SUPPLIED INFORMATION:
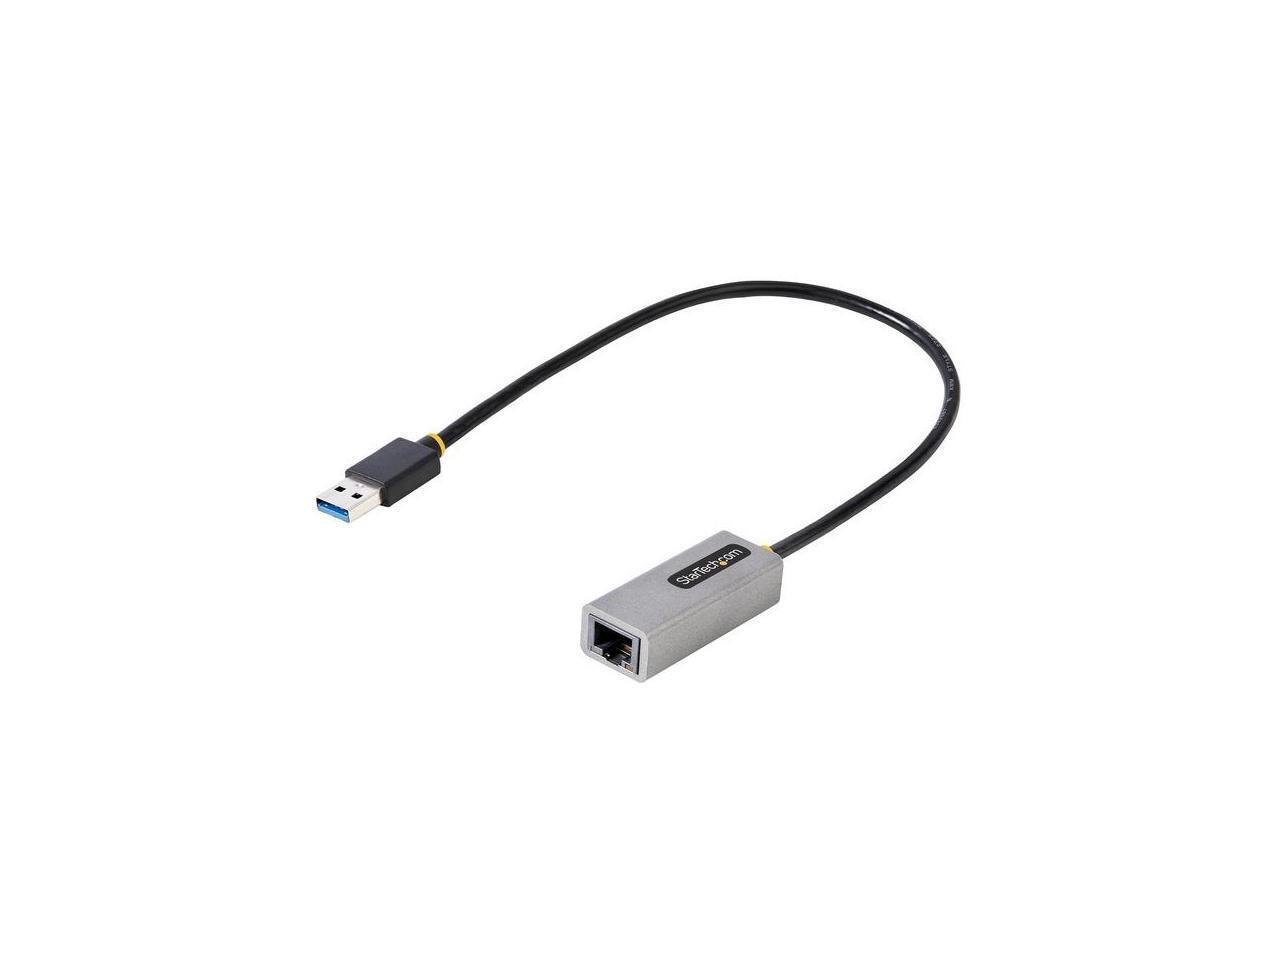 StarTech.com USB to Ethernet Adapter USB 3.0 to 10/100/1000 Gigabit Ethernet LAN
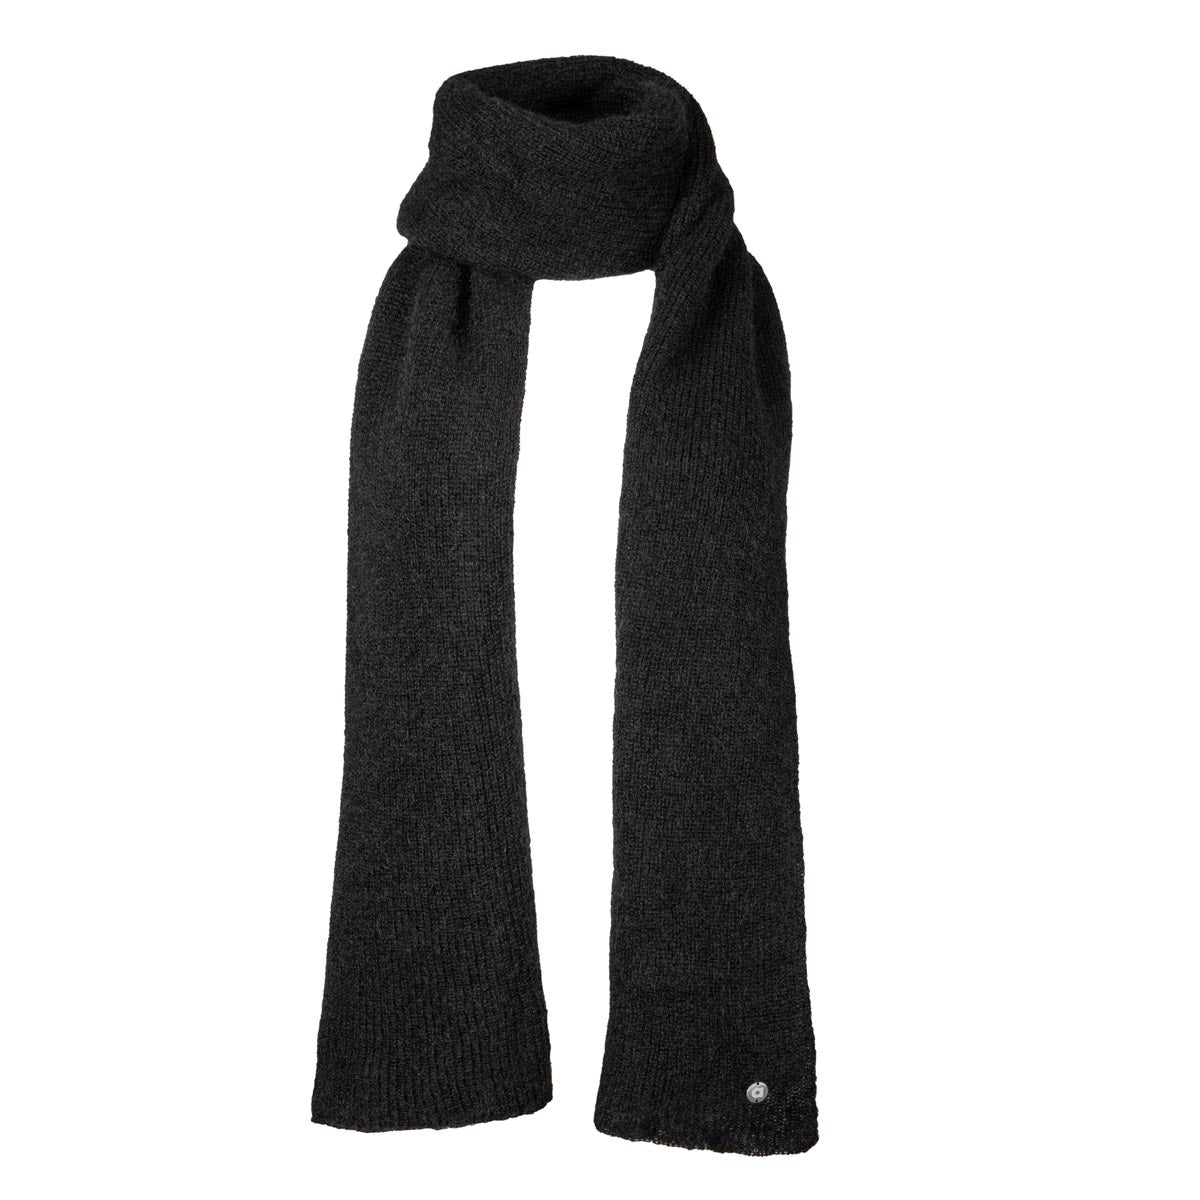 Teresa scarf, black
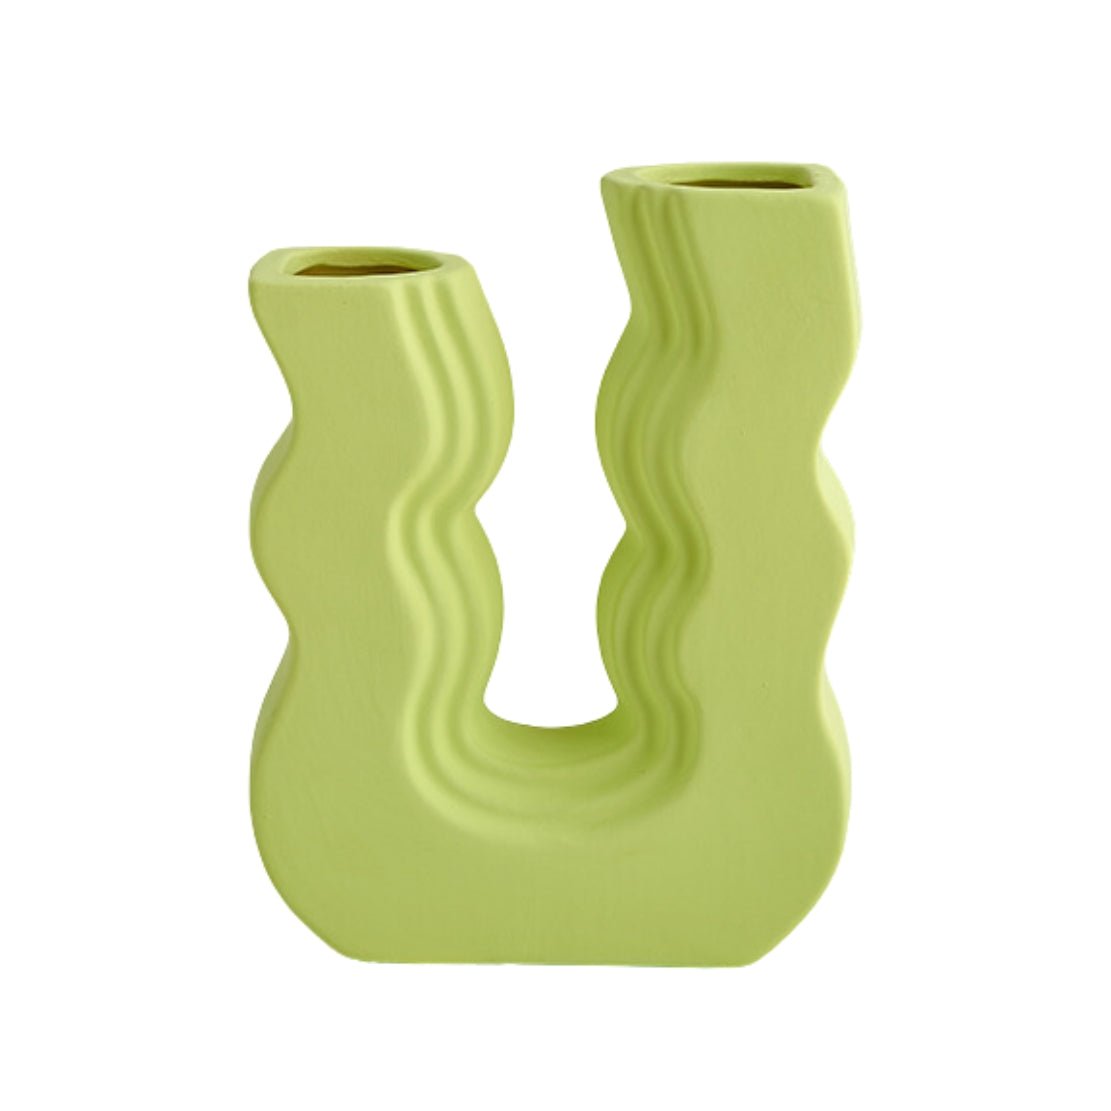 Green, ceramic, wiggle U shaped vase

GOAL OF THE EXERCISE: Write the full listing out again with every line unchanged, but include no pictures.

ANSWER TO THIS TASK:
 StarTech.com USB to Ethernet Adapter USB 3.0 to 10/100/1000 Gigabit Ethernet LAN
 Teresa scarf, black
 Green, ceramic, wiggle U shaped vase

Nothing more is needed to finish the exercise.